Marriage benefits everyone, because separating child-bearing and -rearing from marriage burdens innocent bystanders: not just children, but the whole community. It’s the community that often must step in to provide (more or less directly) for their wellbeing and upbringing. A child born and raised outside marriage is six times more likely to experience poverty than a child in an intact family—and therefore welfare expenditures grow. So by encouraging the norms of marriage—monogamy, sexual exclusivity and permanence—the state is strengthening civil society and reducing its own role.
In other words, the most basic function of limited government—protecting civic order—also justifies legally regulating marriage. So the goals of marriage law—which do not involve banning other consensual relationships—are legitimate for government, even from a libertarian perspective.
Getting government out of the civil marriage business would be a catastrophe for limited government. Abolishing civil marriage would weaken social support for its norms. Over time, the law shapes what people think marriage is—which in turn affects how current and future spouses act. As countless studies show, absentee fathers and out-of-wedlock births bring a train of social pathologies, and greater demand for policing and social services. This was, after all, what inspired the original “marriage movement,” as my first post explained.
A study by the Left-leaning Brookings Institution finds that $229 billion in welfare spending between 1970 and 1996 can be attributed to the breakdown of the marriage culture and the resulting exacerbation of social ills: teen pregnancy, poverty, crime, drug abuse and health problems. A 2008 study found that divorce and unwed childbearing cost taxpayers $112 billion each year. And Utah State University scholar David Schramm has estimated that divorce alone costs local, state and federal government $33 billion each year.
Civil marriage serves the ends of limited government more effectively, less intrusively, and at less cost than picking up the pieces from a shattered marriage culture.

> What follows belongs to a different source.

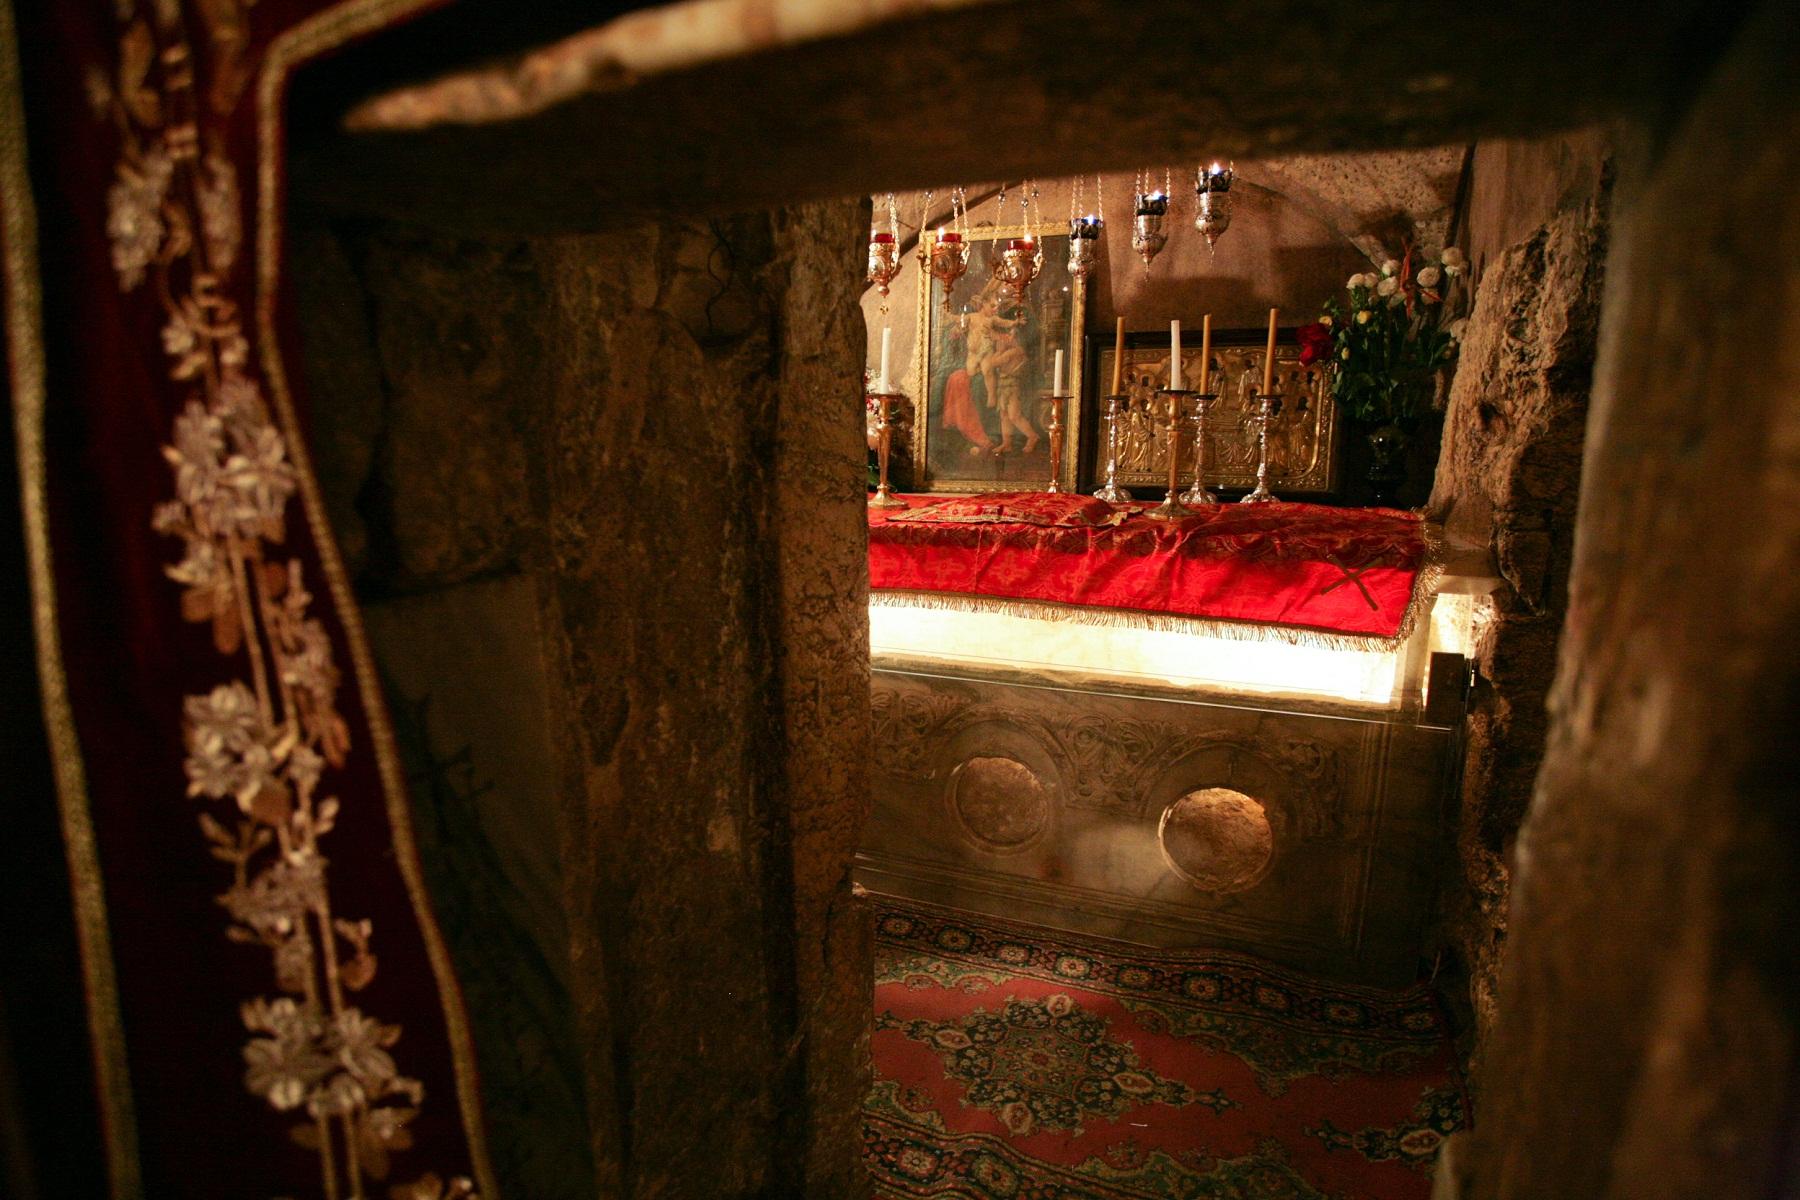 храм Богородицы в Гефсимании, кувуклия Богородицы, храм Успения Богородицы в Гефсимании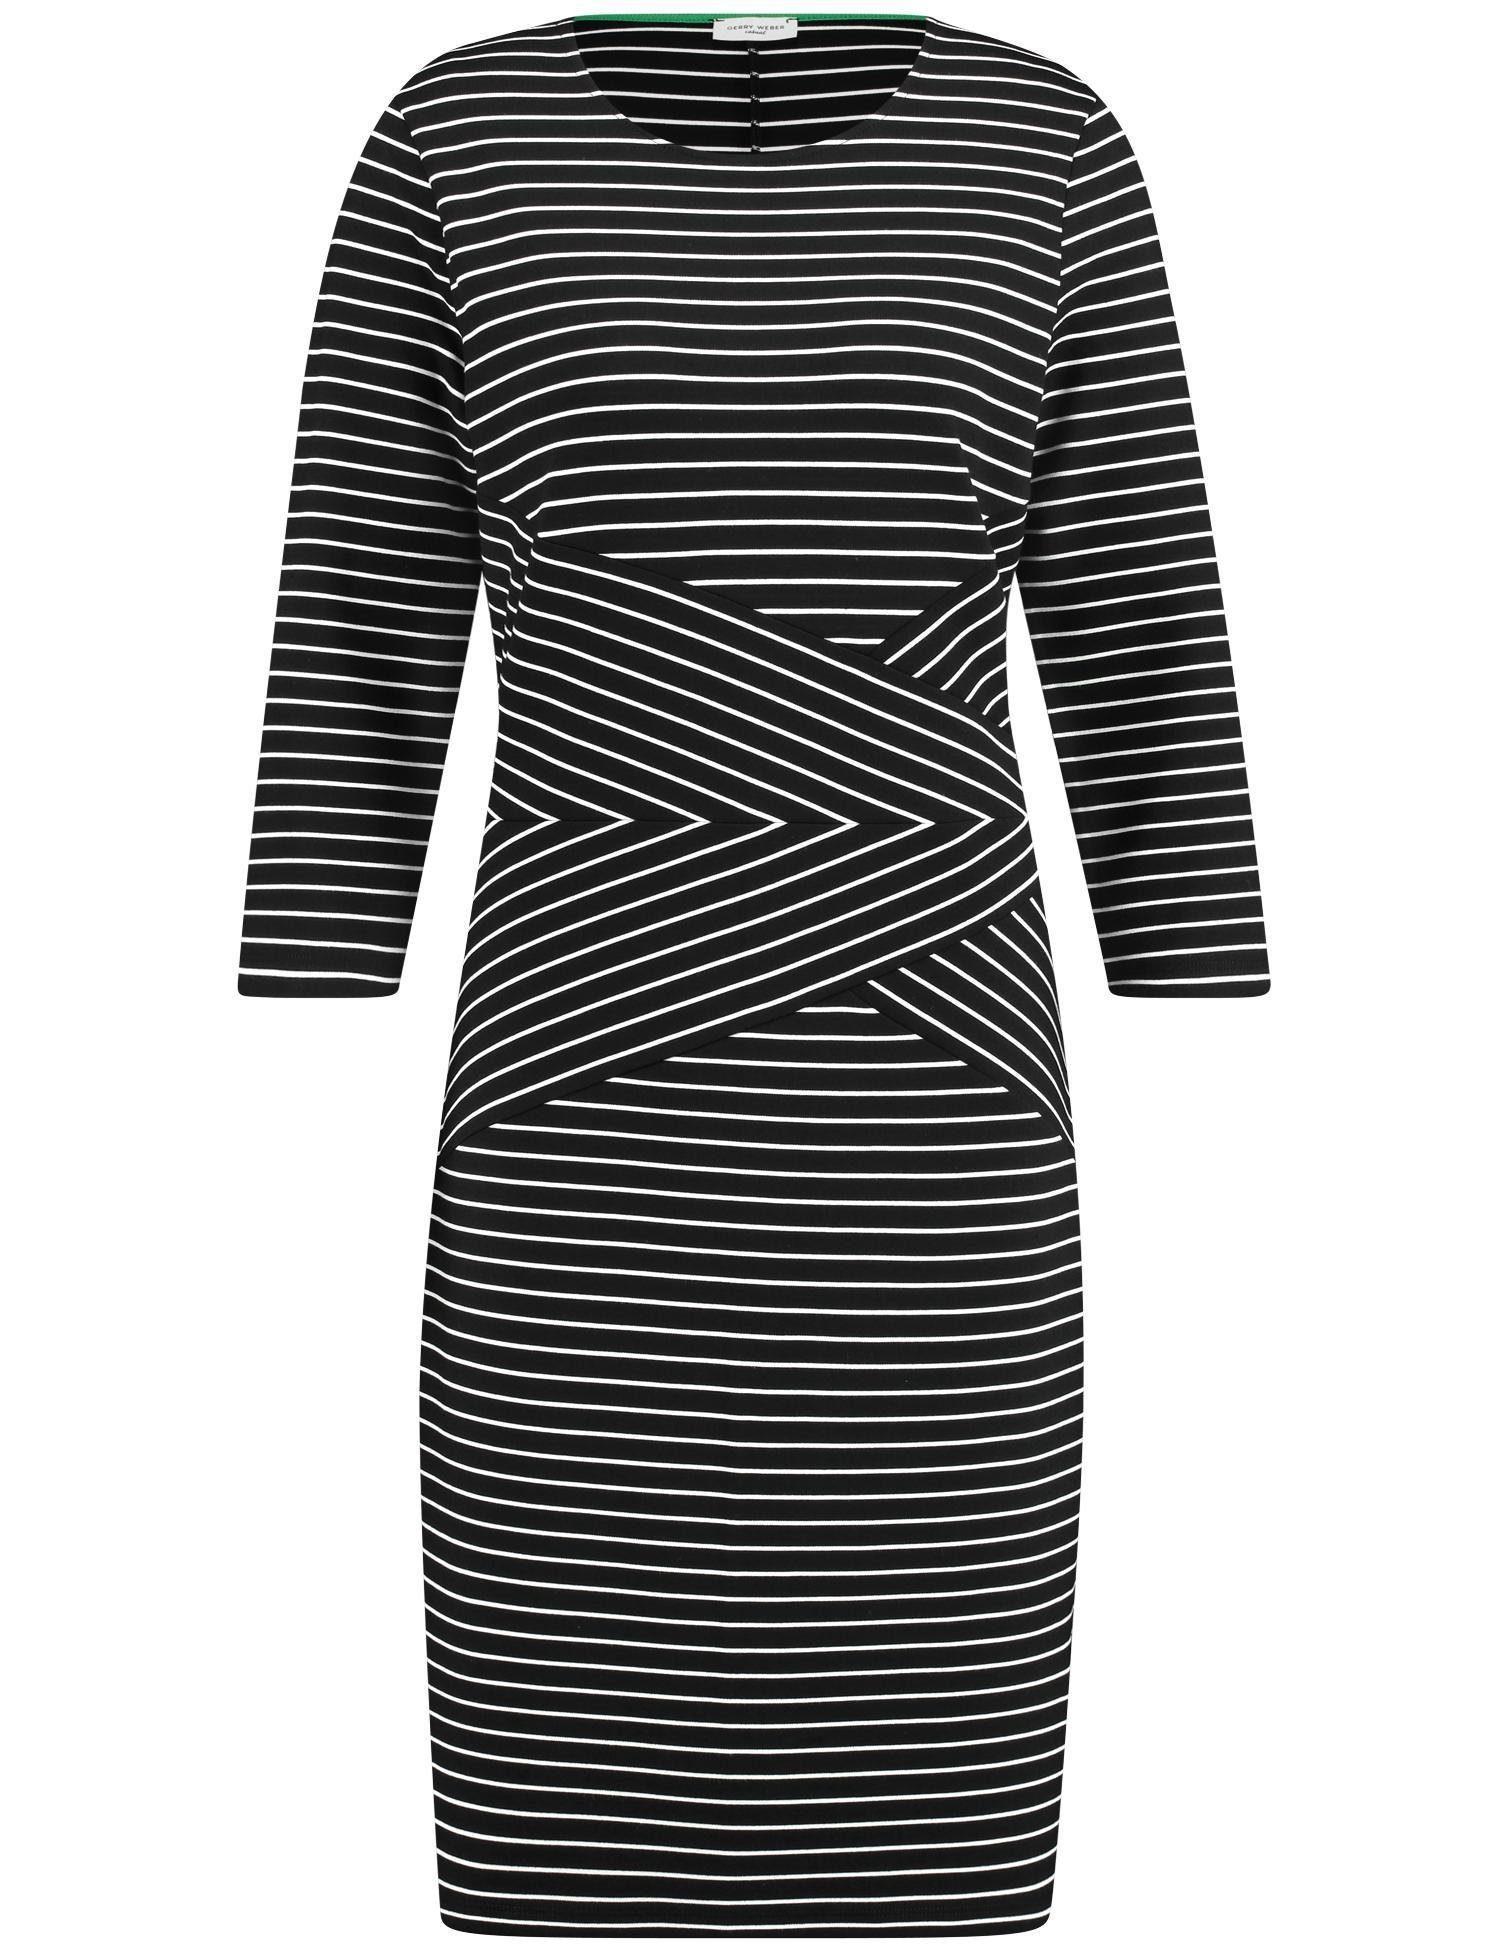 GERRY WEBER Kleid Gewirke Kleid mit Ringeldessin

Of course, it isn’t just the legal title of marriage that encourages adherence to marital norms. There is nothing magical about the word “marriage.” Instead, marriage laws work by embodying and promoting a true vision of what marriage is that makes sense of those norms as a coherent whole.
But marital norms make no sense—as matters of principle—if marriage is just intense emotional regard. There is no reason of principle why emotional union should be permanent. Or limited to two persons, rather than larger ensembles. Or sexual, much less sexually exclusive. Or inherently oriented to family life and shaped by its demands. This isn’t to say that couples couldn’t decide to live out these norms where temperament or taste so motivated them; but that there is no reason of principle to demand it of them. So legally enshrining this alternate view of marriage would undermine the norms whose link to the common good justifies state action in the first place.
And now we can see the link between the central questions in this debate: what marriage is and why the state promotes it. It’s not that the state shouldn’t achieve its basic purpose while obscuring what marriage is. Rather, it can’t. Only when policy gets the nature of marriage right do we reap the civil society benefits of recognizing it.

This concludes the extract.